*** Source material ***

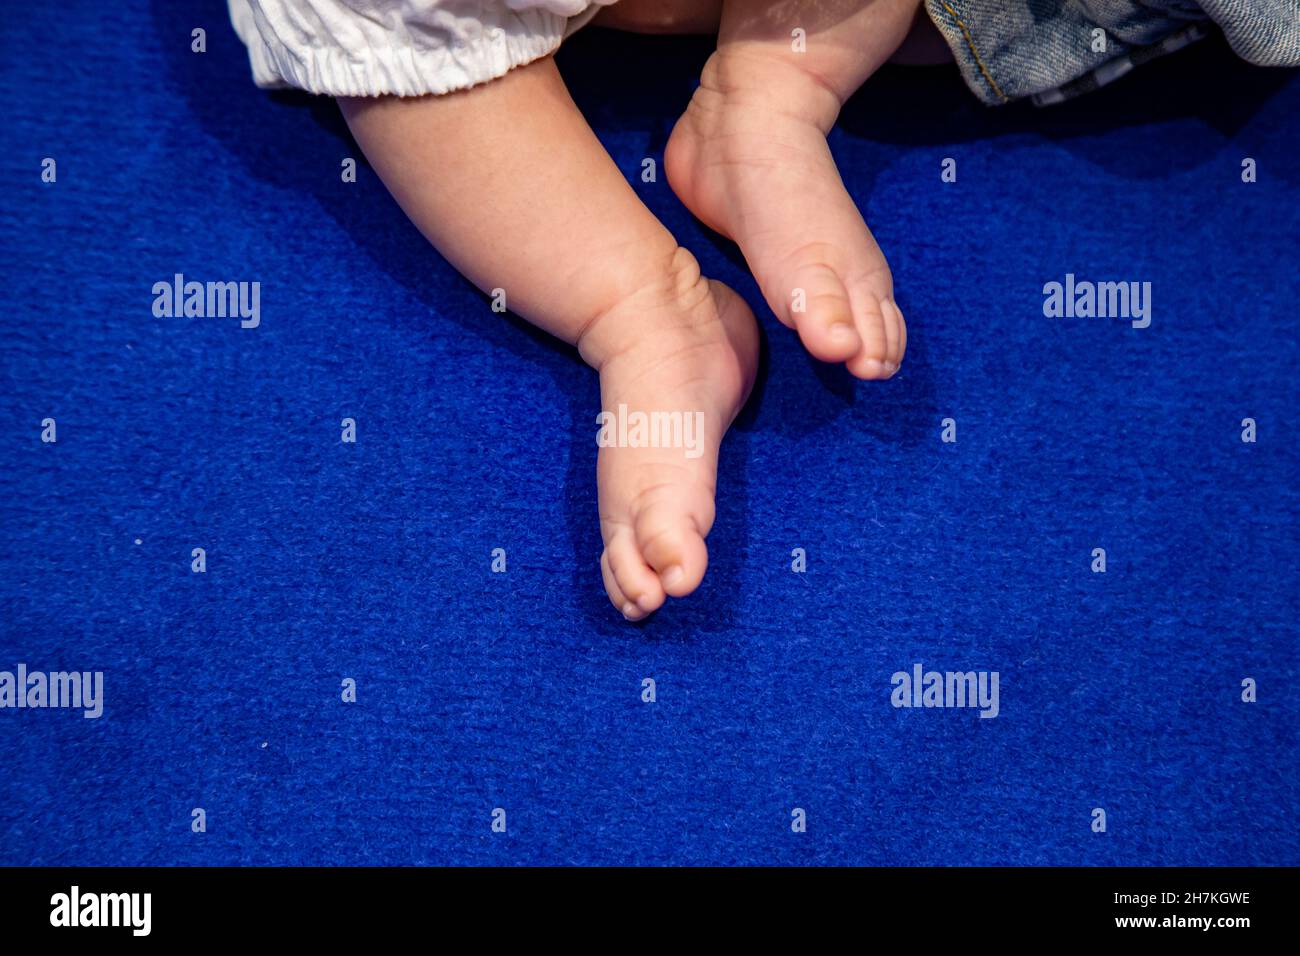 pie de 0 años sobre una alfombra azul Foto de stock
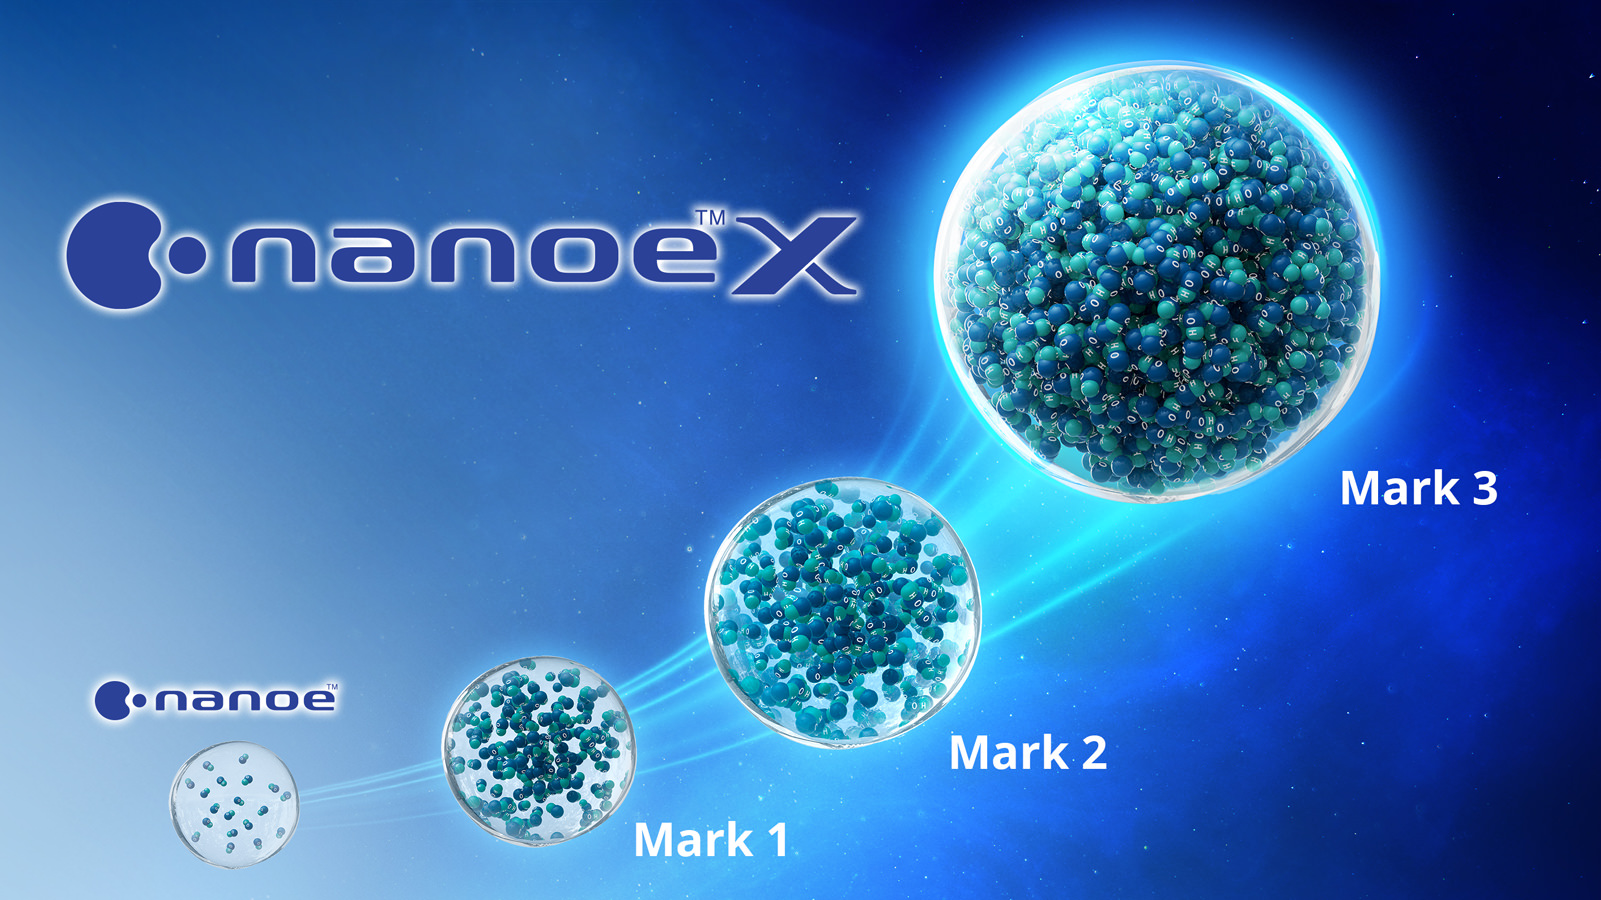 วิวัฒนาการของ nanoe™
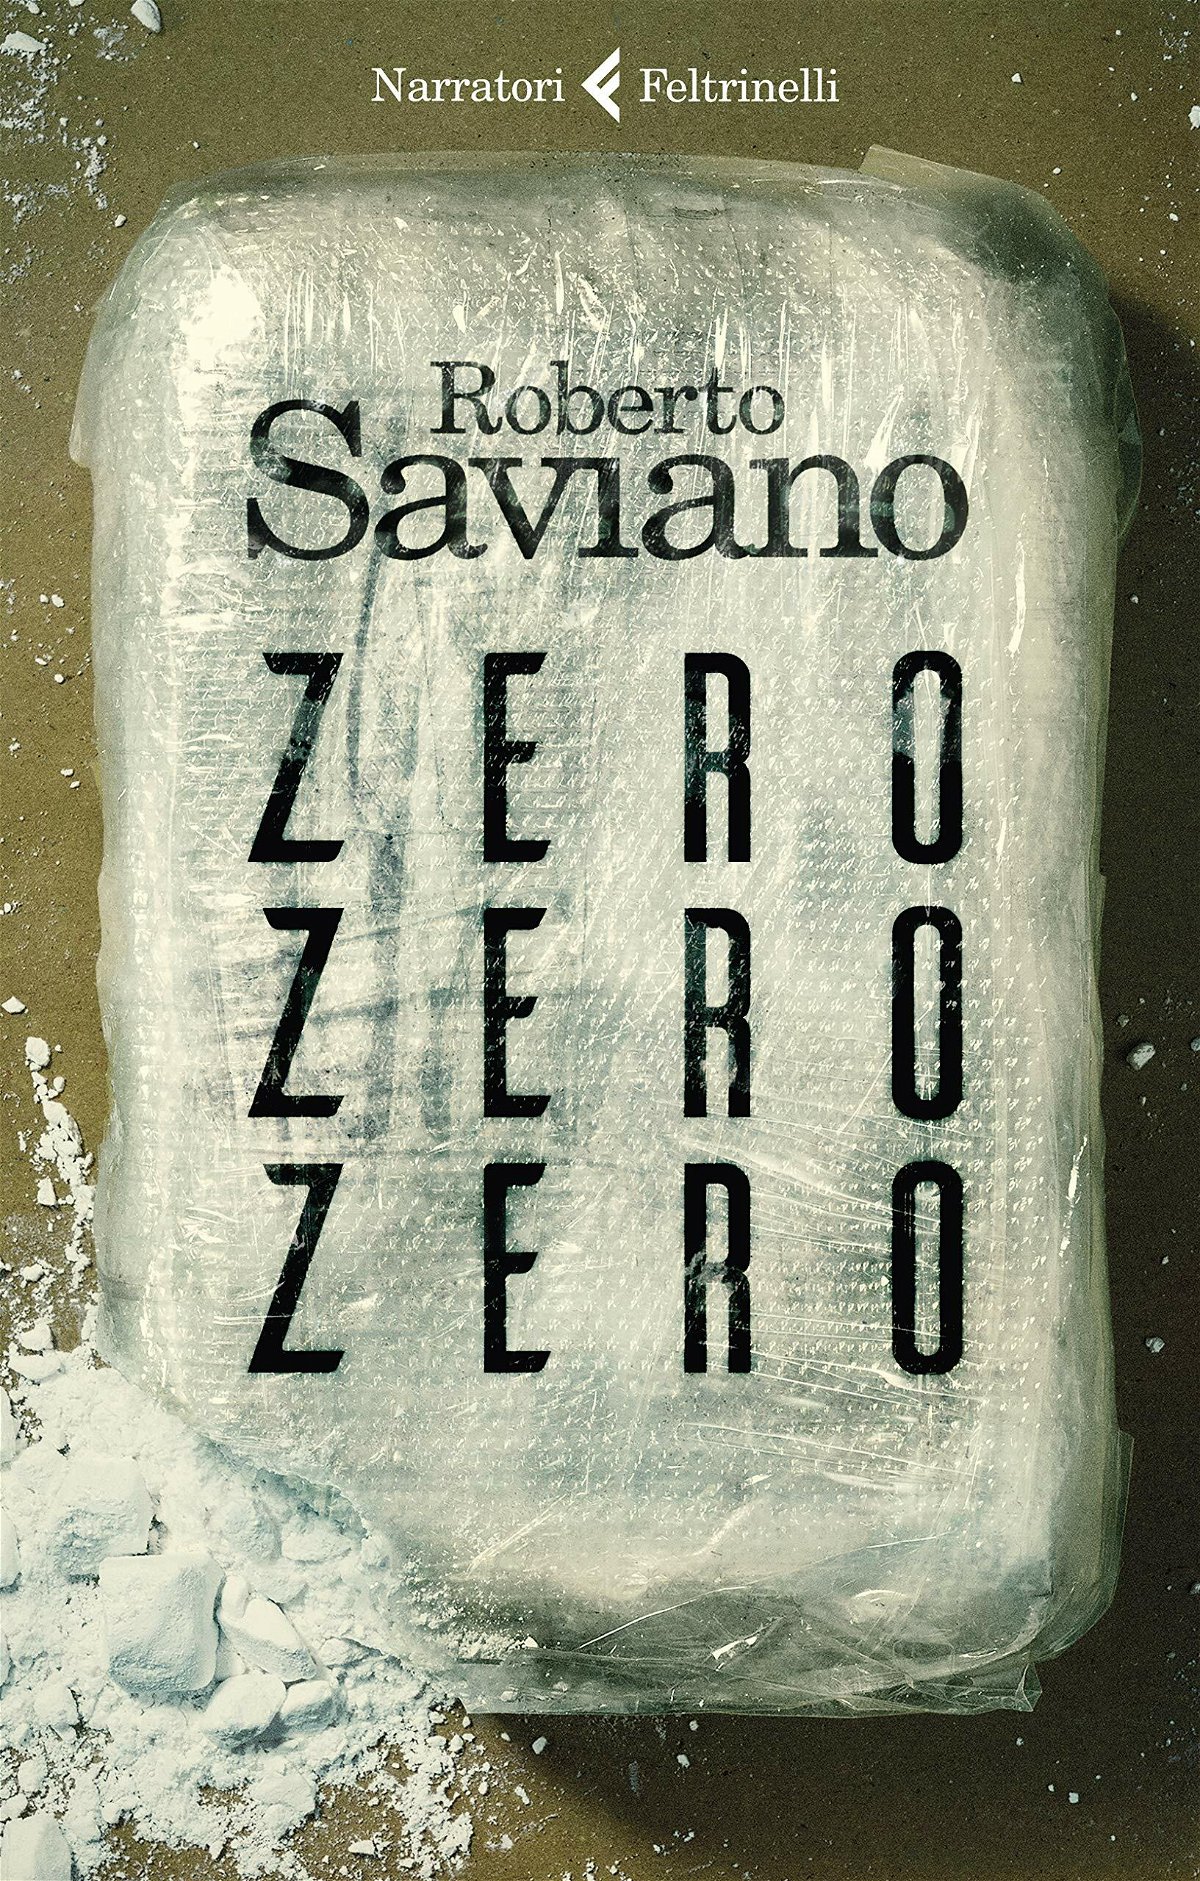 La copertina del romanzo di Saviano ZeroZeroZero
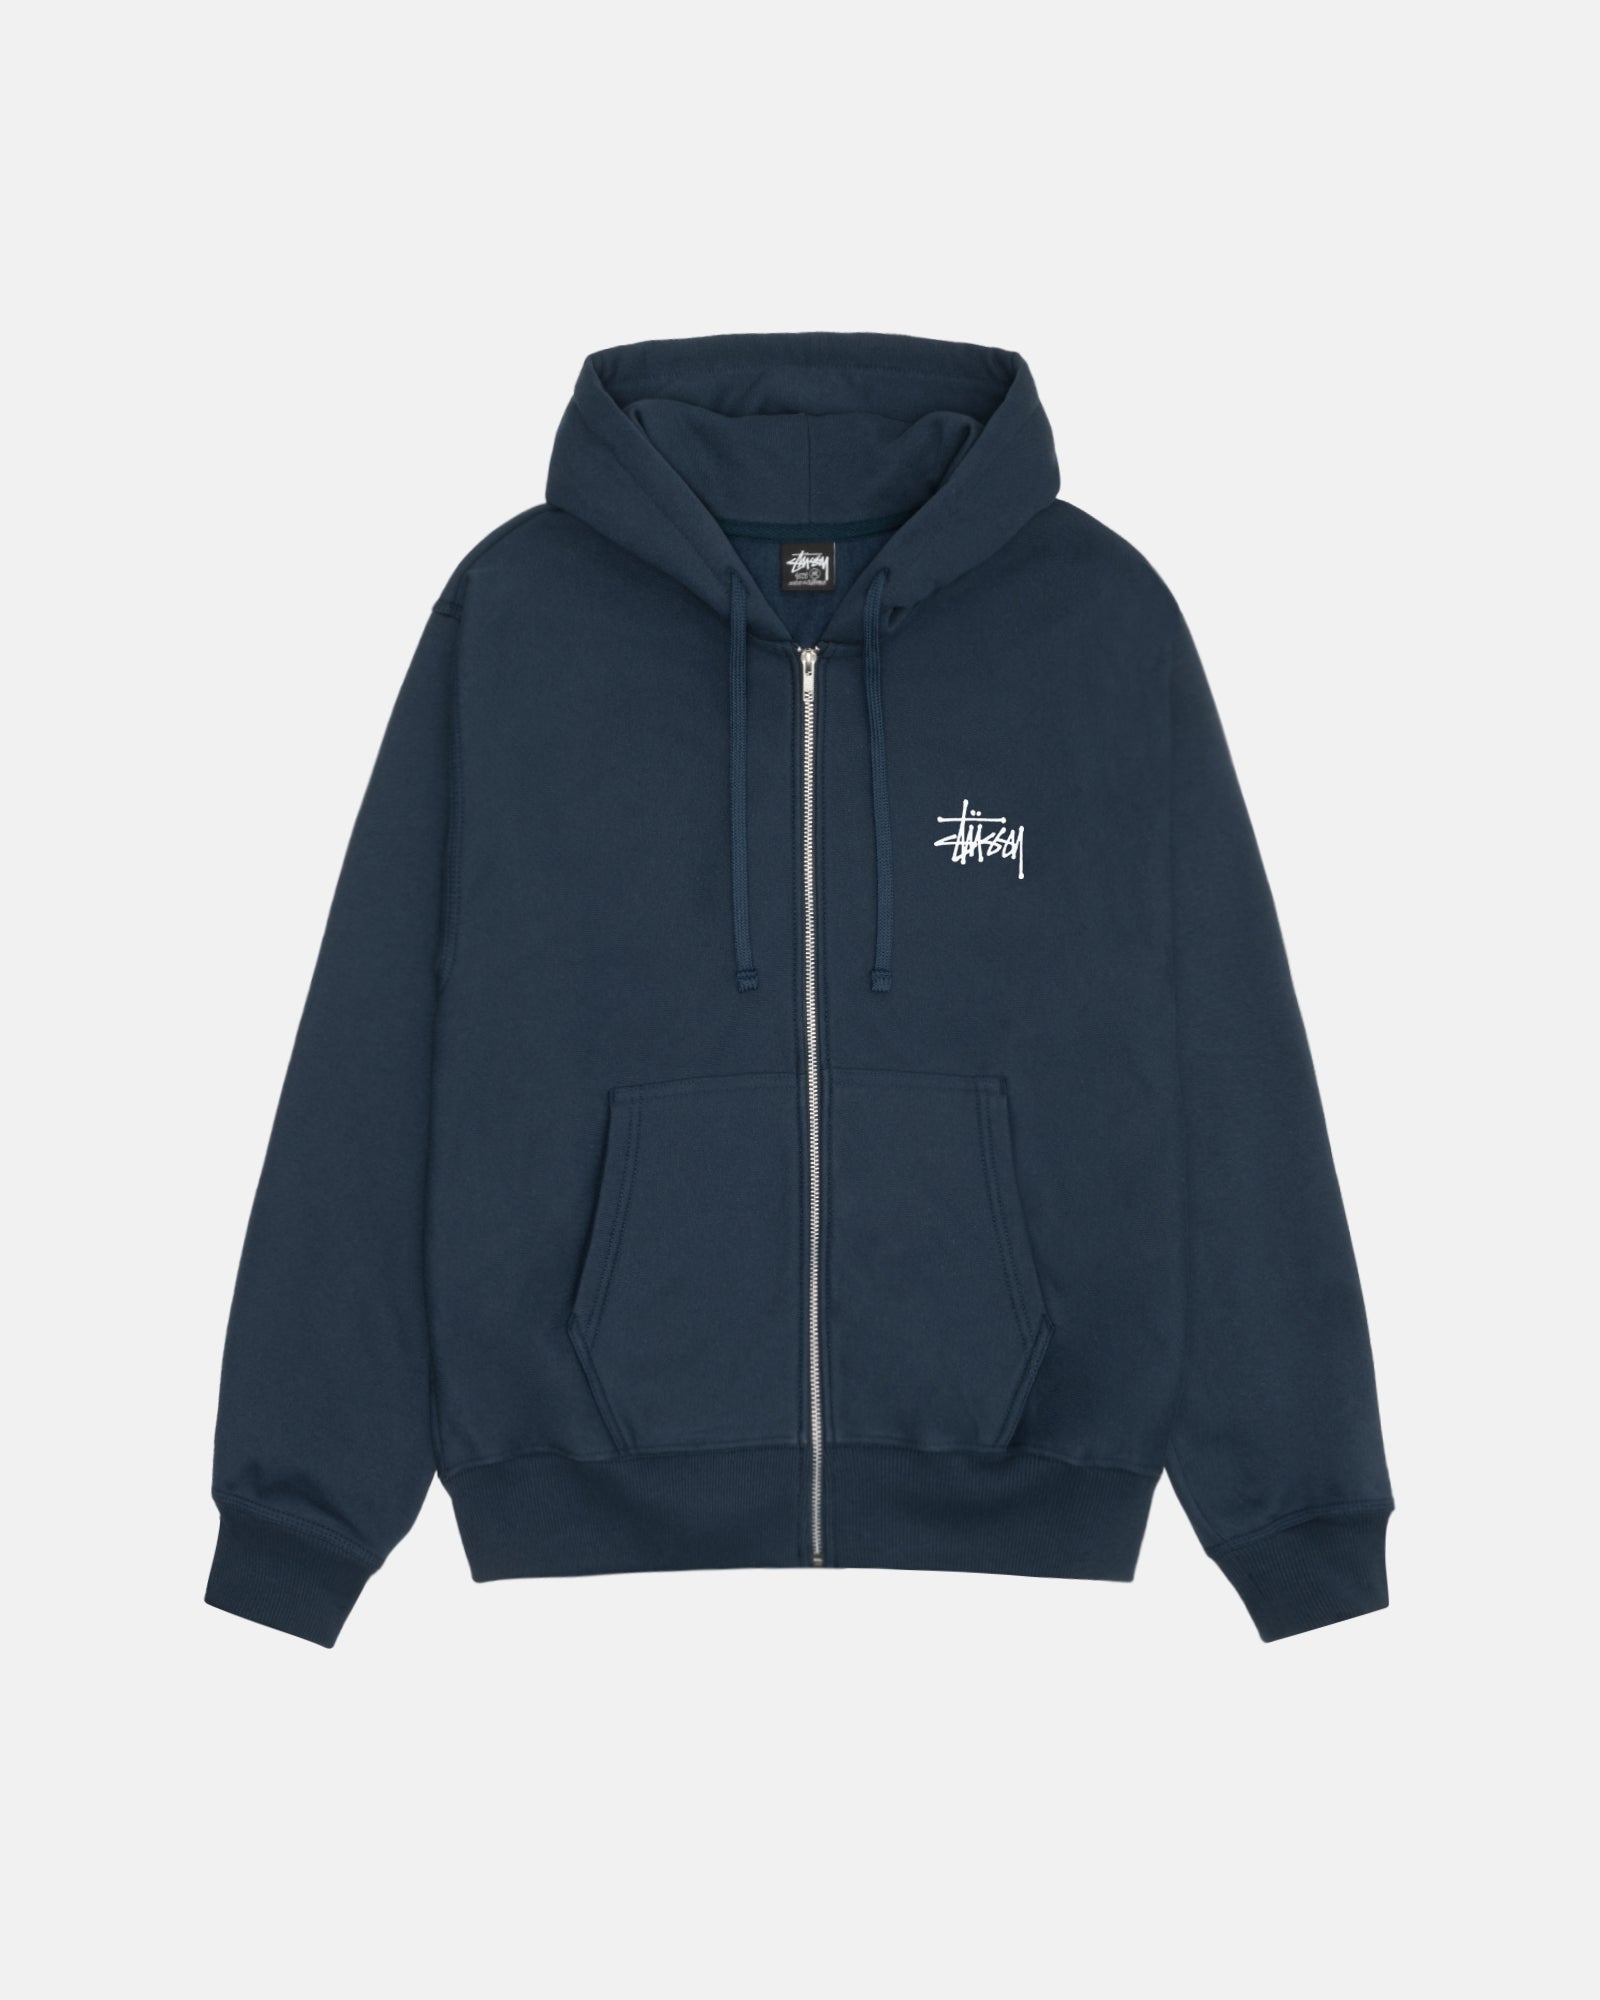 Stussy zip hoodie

*** End of Source material ***

Task requirements: The reply has to reproduce every line above verbatim and contain no pictures.

Expected answer:
 pie de 0 años sobre una alfombra azul Foto de stock
 วิวัฒนาการของ nanoe™
 La copertina del romanzo di Saviano ZeroZeroZero
 Stussy zip hoodie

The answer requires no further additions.